— Эй, там, ворота замкнете на щеколду, затвор не опускать, пропустить фуражиров, когда доползут.
Брат Эвер нетерпеливо топтался на пирсе. Он вновь почувствовал, как его охватывает дрожь, а руки и ноги холодеют, словно он опять смотрел в глаза Измененного. Он до сих пор не мог понять, почему его не убили. По древним правилам Ордена, все, кого коснулся взгляд Измененного, считались «грязными» и подлежали смерти. Но он был жив. Что-то шло не так, явно не так.
В ворота заколотили, солдат нехотя выбрался из караулки и побрел к воротам. Грохот продолжался. Солдат досадливо поморщился, заорал:
— Да сейчас, сейчас, — и стал отодвигать щеколду.
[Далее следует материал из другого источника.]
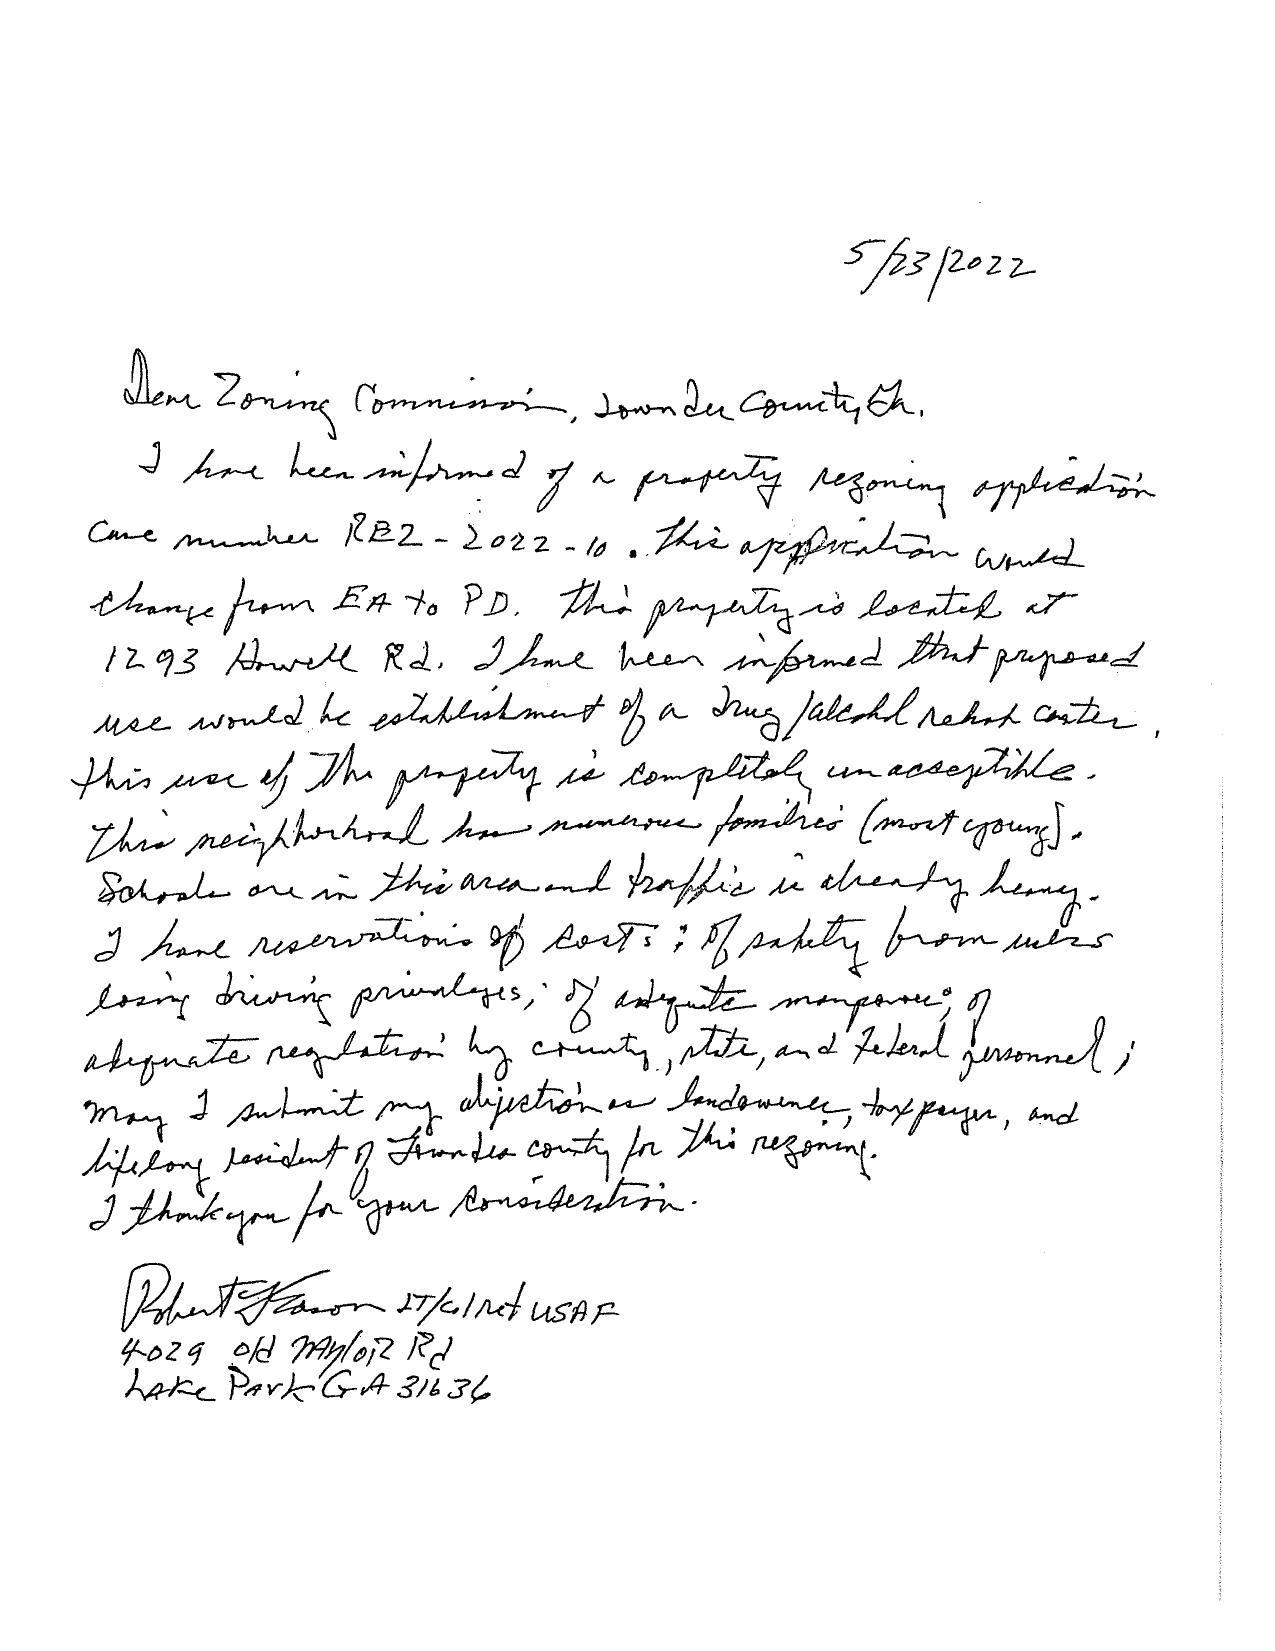 Opposition letter, Robert Eason
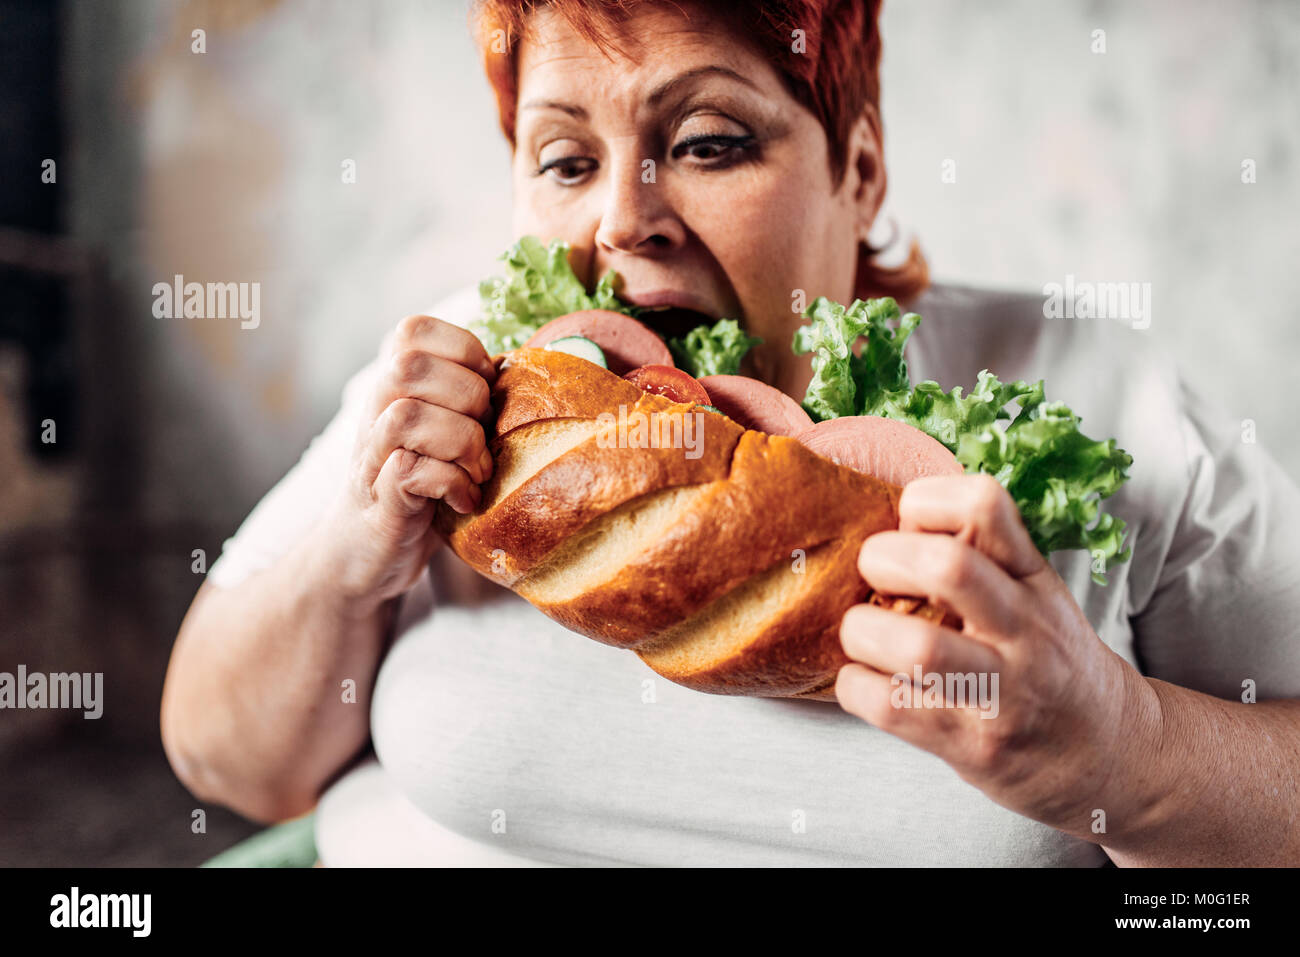 41+ Fette frau bilder lustig , Fette Frau isst Sandwich, Übergewicht, bulimic. Ungesunde Lebensweise

Из караулки высунулся десятник:
— Кто там?
— Кто-кто, фуражиры, мать их. — И солдат потянул за створку ворот. И оцепенел — перед ним стоял воин в незнакомом доспехе. Воин улыбнулся, прижал палец к губам, но, увидев, что горгосец уже набрал в рот воздуха, резко выбросил вперед руку с мечом, разрубив ему горло. Через несколько мгновений во двор хлынуло несколько десятков бойцов, до этого прятавшихся на телегах, а в черноте степи послышался нарастающий топот. Ночную тишину разорвал дикий визг и вопли атакующей орды.
Через час все было кончено. Грон стоял на гребне стены, рядом с ханом Тейлепом, который не отрываясь смотрел на беснующихся внизу степняков и охваченную пожаром крепость. Сам Грон провожал глазами фонарь, раскачивающийся на верхушке мачты корабля, выходящего из бухты. Хан Тейлеп повернулся к Грону и торжественно произнес:
— Спасибо, Великий хан народа долин. Сегодня мы совершили то, о чем мечтали наши отцы, и наши деды, и отцы наших дедов, и…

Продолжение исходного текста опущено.